What the task asks ▸
Please leave out pictures and print exactly the lines from the one that has "Street sign of" through the last line of the material below.

Collected data ▸
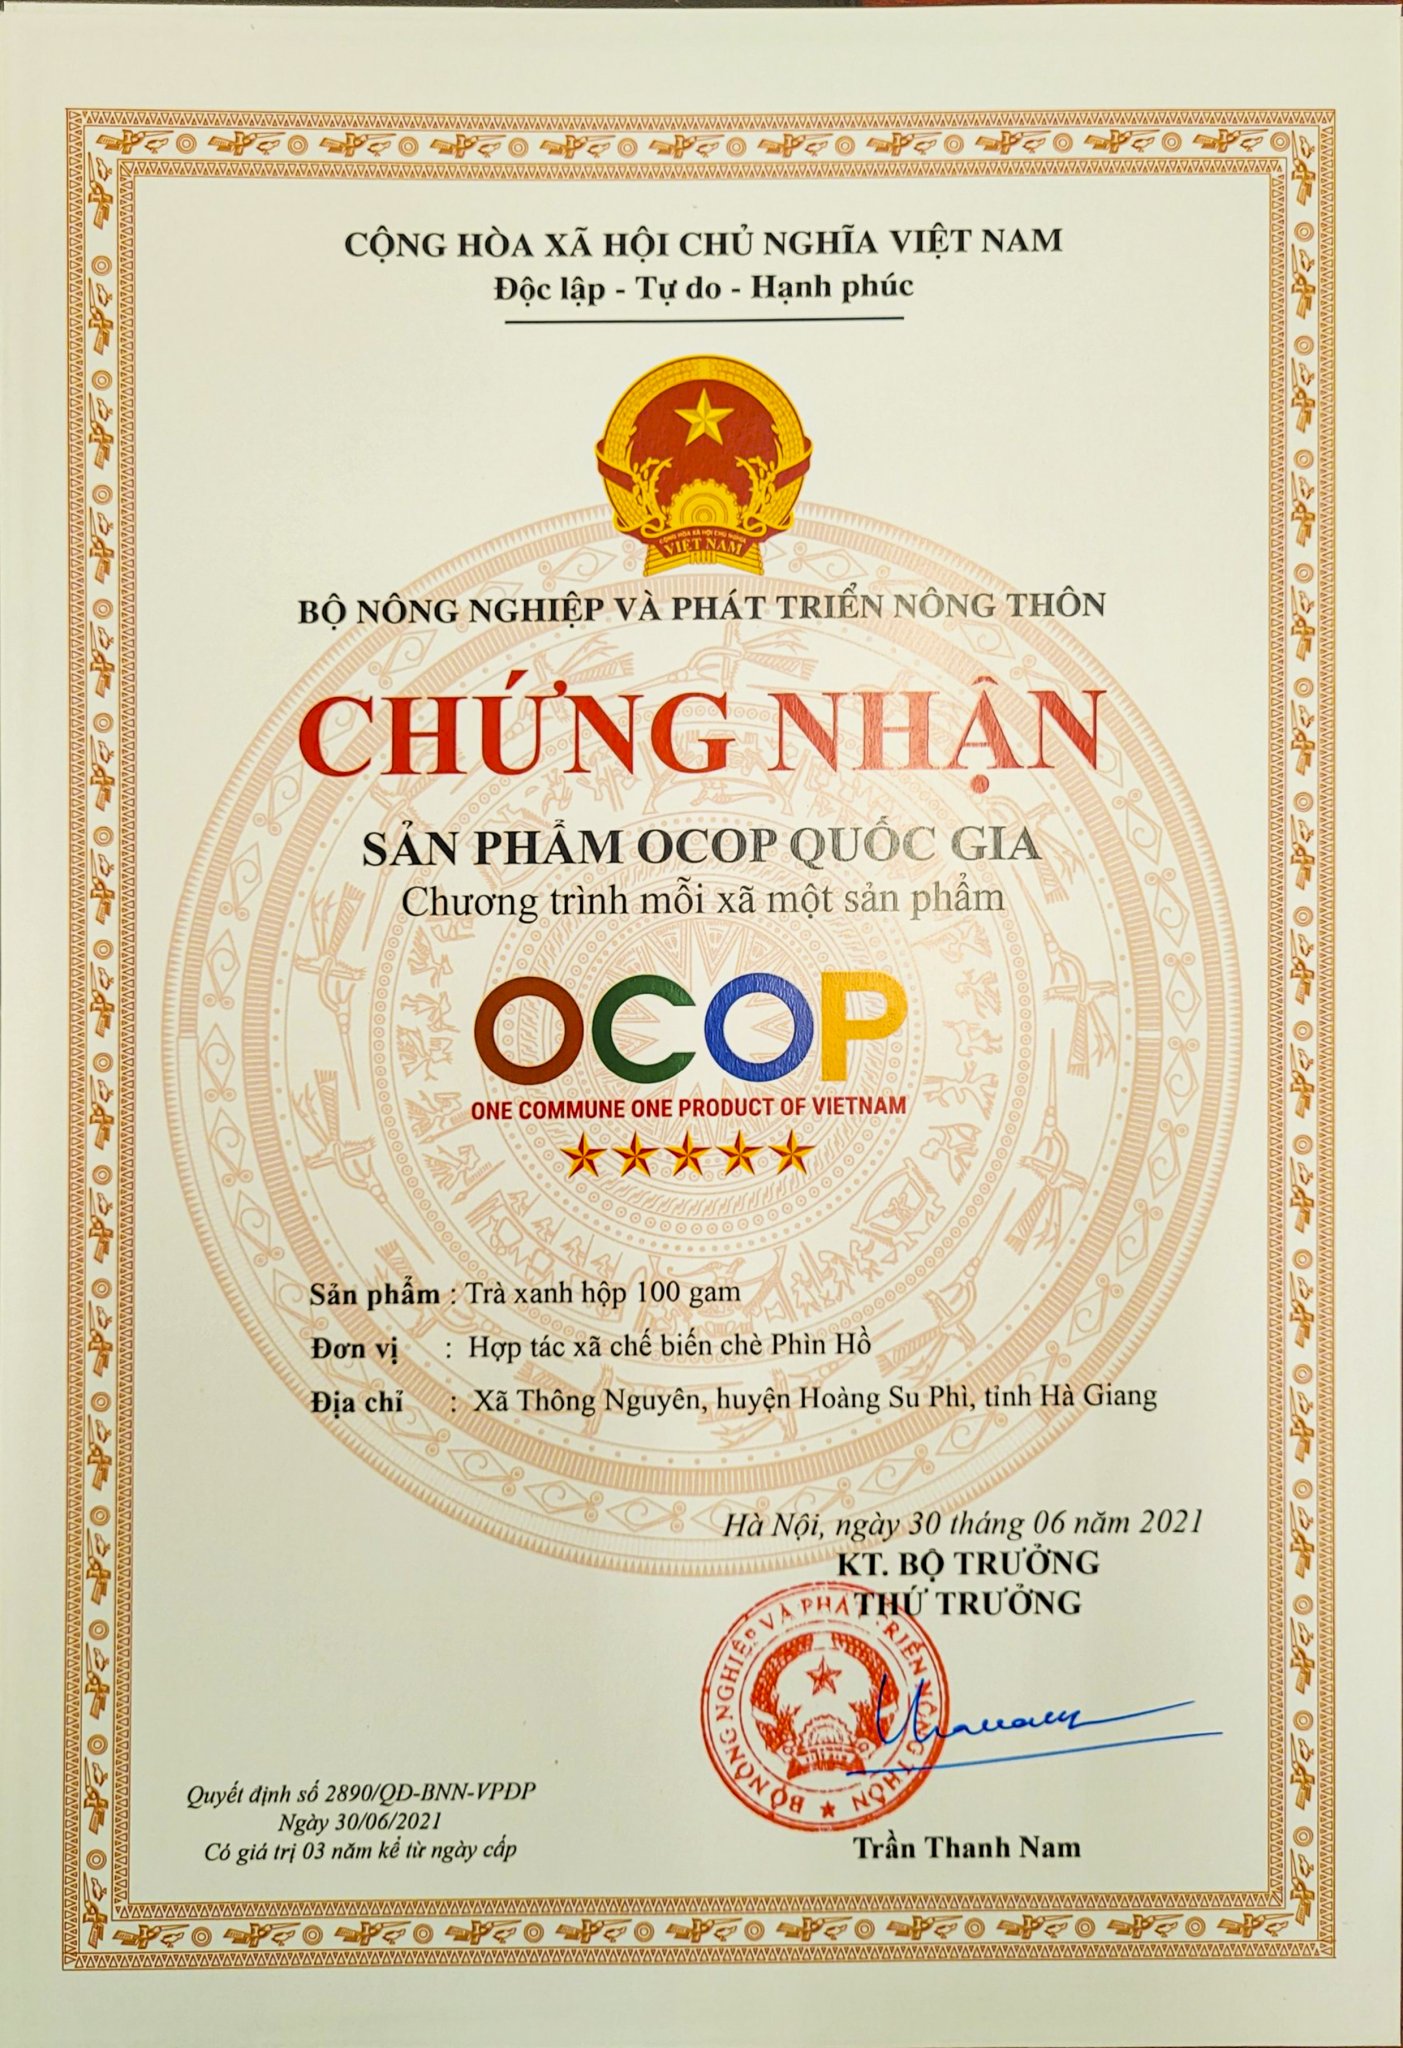 Hoàng Su Phì phát triển sản phẩm OCOP
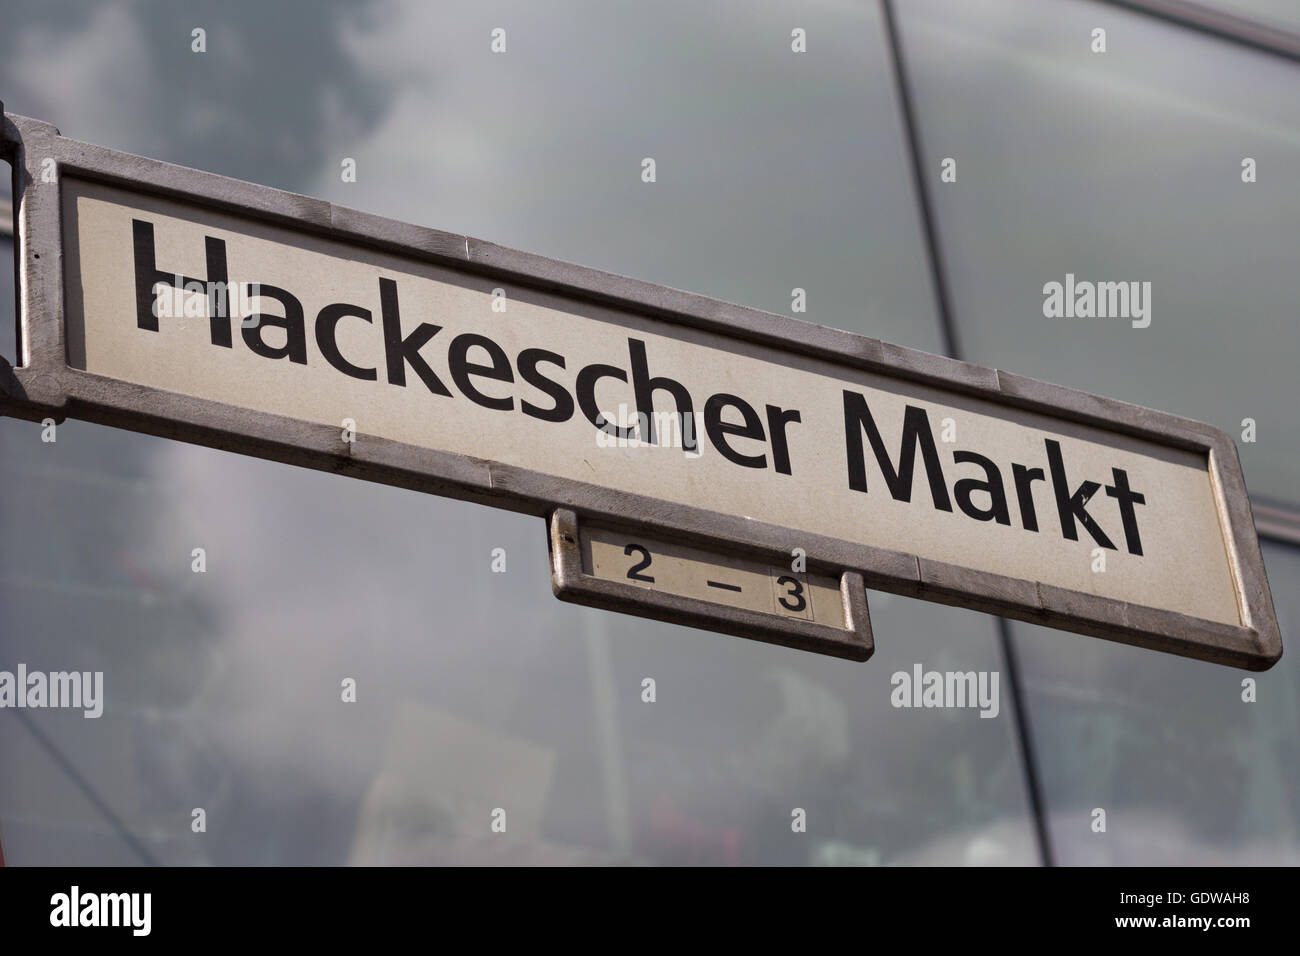 Street sign of the Hackescher Markt in Berlin, Germany Stock Photo
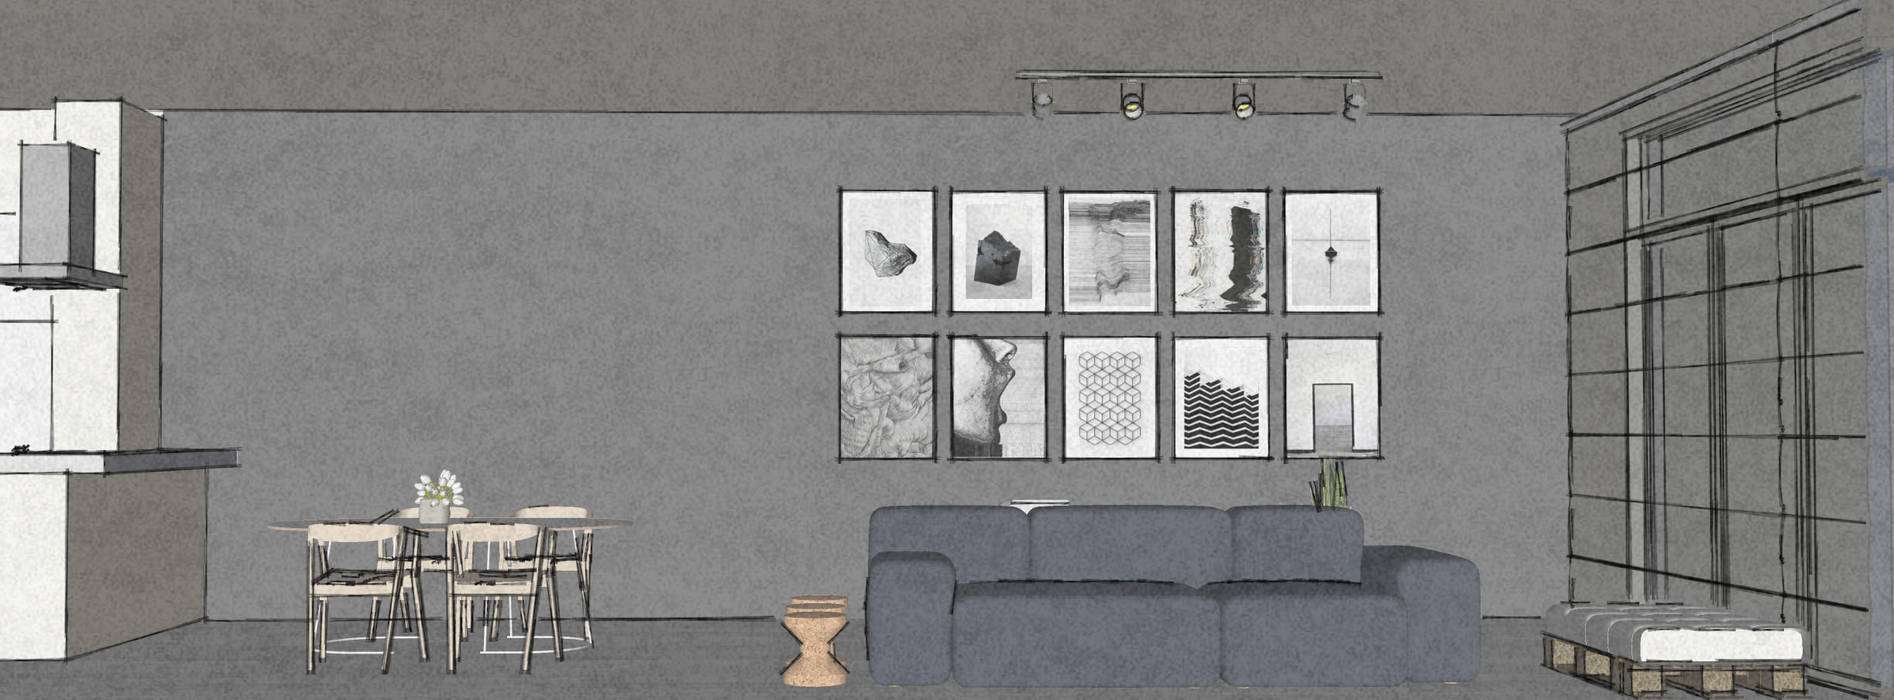 Living room MEL interiors Salas de estilo escandinavo Accesorios y decoración

Result of the task ▸
 Street sign of the Hackescher Markt in Berlin, Germany Stock Photo
 Living room MEL interiors Salas de estilo escandinavo Accesorios y decoración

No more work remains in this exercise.